**Exercise instructions:**
The entries below hold a line with "Seepferdchen Statue Archivbilder" and a line with "Ликер Бейлис –". Return those lines and all that lie between them, exactly and only.

─── Records

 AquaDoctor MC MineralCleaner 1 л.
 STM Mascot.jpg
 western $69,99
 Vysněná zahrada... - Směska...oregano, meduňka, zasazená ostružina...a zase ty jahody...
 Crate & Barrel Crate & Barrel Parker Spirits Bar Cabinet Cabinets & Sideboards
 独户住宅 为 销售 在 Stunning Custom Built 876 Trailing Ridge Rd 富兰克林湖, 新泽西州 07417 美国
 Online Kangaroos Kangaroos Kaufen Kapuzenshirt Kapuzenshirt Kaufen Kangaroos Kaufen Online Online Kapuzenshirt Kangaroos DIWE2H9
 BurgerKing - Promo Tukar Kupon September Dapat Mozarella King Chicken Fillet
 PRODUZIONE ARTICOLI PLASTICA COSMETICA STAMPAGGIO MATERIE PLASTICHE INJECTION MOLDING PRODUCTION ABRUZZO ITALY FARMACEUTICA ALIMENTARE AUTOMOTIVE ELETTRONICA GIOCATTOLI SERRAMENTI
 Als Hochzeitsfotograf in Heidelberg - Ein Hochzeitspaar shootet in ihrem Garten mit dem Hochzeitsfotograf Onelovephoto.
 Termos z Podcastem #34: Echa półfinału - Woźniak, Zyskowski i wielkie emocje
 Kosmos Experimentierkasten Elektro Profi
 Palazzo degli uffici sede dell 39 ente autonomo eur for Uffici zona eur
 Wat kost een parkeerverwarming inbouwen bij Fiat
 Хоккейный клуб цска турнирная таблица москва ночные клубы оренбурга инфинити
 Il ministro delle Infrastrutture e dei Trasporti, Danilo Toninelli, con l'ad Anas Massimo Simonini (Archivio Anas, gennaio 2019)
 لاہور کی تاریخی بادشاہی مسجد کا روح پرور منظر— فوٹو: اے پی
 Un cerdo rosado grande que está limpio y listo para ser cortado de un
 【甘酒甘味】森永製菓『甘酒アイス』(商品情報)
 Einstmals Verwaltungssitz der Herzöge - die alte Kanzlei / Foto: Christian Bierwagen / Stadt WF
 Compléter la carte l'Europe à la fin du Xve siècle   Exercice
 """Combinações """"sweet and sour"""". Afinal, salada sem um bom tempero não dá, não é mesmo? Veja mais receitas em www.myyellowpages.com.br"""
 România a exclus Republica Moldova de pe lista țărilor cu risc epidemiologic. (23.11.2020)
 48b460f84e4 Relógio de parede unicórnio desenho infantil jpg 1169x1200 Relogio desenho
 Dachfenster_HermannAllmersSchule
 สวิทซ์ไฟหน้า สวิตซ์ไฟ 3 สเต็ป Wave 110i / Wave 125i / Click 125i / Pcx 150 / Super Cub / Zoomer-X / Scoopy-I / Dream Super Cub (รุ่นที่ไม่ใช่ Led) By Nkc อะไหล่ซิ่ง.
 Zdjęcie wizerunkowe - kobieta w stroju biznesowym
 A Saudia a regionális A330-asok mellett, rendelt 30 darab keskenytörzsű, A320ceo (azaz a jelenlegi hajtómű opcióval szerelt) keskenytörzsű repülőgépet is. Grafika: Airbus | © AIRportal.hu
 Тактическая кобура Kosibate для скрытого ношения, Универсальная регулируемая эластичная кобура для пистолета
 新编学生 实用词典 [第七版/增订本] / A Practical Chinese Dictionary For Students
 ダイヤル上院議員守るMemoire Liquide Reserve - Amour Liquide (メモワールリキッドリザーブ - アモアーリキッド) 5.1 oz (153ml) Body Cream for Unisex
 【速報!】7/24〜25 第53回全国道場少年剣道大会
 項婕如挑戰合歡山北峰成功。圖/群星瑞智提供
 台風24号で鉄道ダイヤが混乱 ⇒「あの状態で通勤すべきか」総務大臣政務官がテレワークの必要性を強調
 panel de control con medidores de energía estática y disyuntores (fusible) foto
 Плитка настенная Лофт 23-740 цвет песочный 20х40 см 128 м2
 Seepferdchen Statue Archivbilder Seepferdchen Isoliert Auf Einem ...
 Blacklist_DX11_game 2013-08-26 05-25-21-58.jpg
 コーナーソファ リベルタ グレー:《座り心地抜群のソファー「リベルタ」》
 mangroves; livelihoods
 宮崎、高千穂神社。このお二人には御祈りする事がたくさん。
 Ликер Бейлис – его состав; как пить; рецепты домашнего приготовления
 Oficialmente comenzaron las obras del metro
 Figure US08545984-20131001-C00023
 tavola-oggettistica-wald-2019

──────

**Response box:**
 Seepferdchen Statue Archivbilder Seepferdchen Isoliert Auf Einem ...
 Blacklist_DX11_game 2013-08-26 05-25-21-58.jpg
 コーナーソファ リベルタ グレー:《座り心地抜群のソファー「リベルタ」》
 mangroves; livelihoods
 宮崎、高千穂神社。このお二人には御祈りする事がたくさん。
 Ликер Бейлис – его состав; как пить; рецепты домашнего приготовления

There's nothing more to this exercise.